In a new interview with Guitar.com, Tony Iommi‘s longtime producer revealed how the Black Sabbath legend has crafted his guitar tone – and as you might expect from a man who had to basically invent metal guitar, he tends to go to extremes with his gear.

Mike Exeter has been working with Iommi for over three decades and is also well-known for working with the likes of UB40, The Specials, Jeff Beck, Cradle Of Filth and Judas Priest.

Over time, Exeter has become very familiar with the way a musician expresses whether they like what they’re doing or not.
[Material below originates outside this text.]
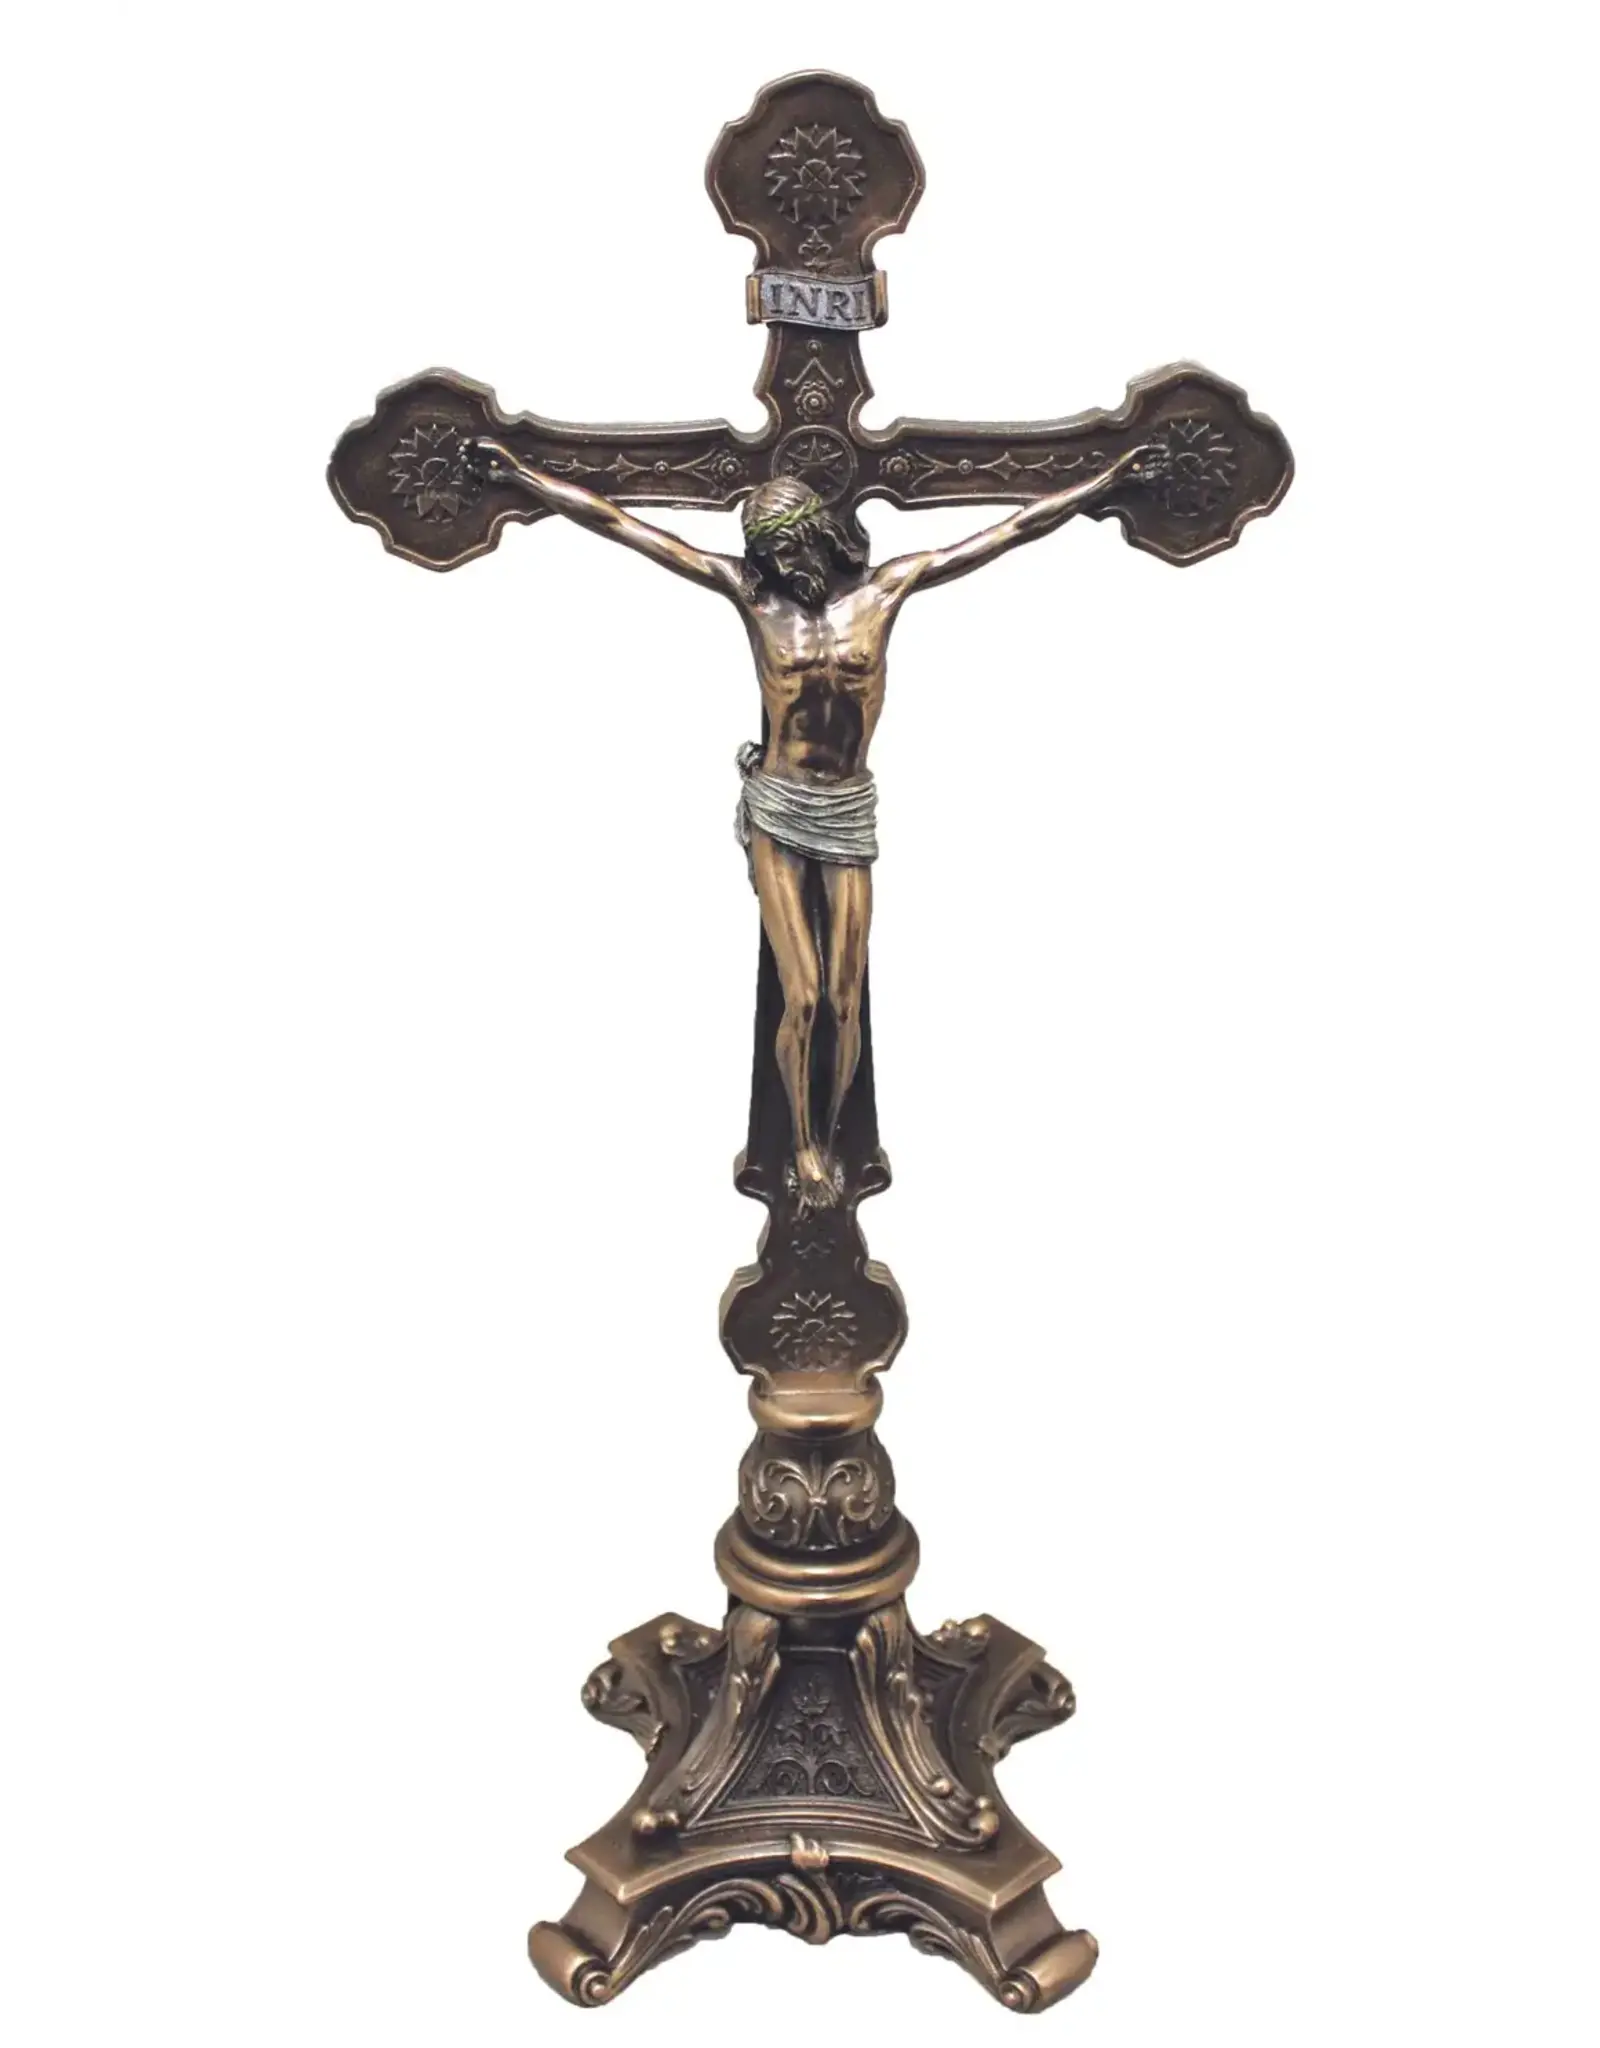 Goldscheider Standing Crucifix - Bronze (13")

“Tony is very easy for me to read,” Exeter says. “I know him so well, I can spot the facial expressions or body language. Sometimes it’s what he plays, other times it’s how he plays. If he does a certain trill, I know that means he’s not getting enough sustain from the amp. What he’s looking for is, ultimately, an extension of himself.”

He goes on to recall that the pair have a habit of listening to live footage from Paris in 1974 and compare it to the sound of the first two Black Sabbath albums, or the post-Ozzy years with Ronnie James Dio.

“When I listen to the first two Sabbath albums, they’re incredibly fuzzy,” Exeter says. “It’s a classic Laney sound. But he wasn’t using that in 1980 for the Dio albums. He’d switched to hotter Marshalls around that period. So there is no singular definitive sound for Tony, but he definitely has his own feel. I can pick him out from a mile off just because of the little things he does.”

He even lends some advice to players who have been inspired by Iommi’s tone. “To sound like Tony, you generally need P-90s going into a thick, soupy sound,” Exeter says. “It’s broken up, almost like speaker distortion. You might not think he was dialing in much gain, but trust me, he was on 11 for everything, because in the old days they had single-channel amps."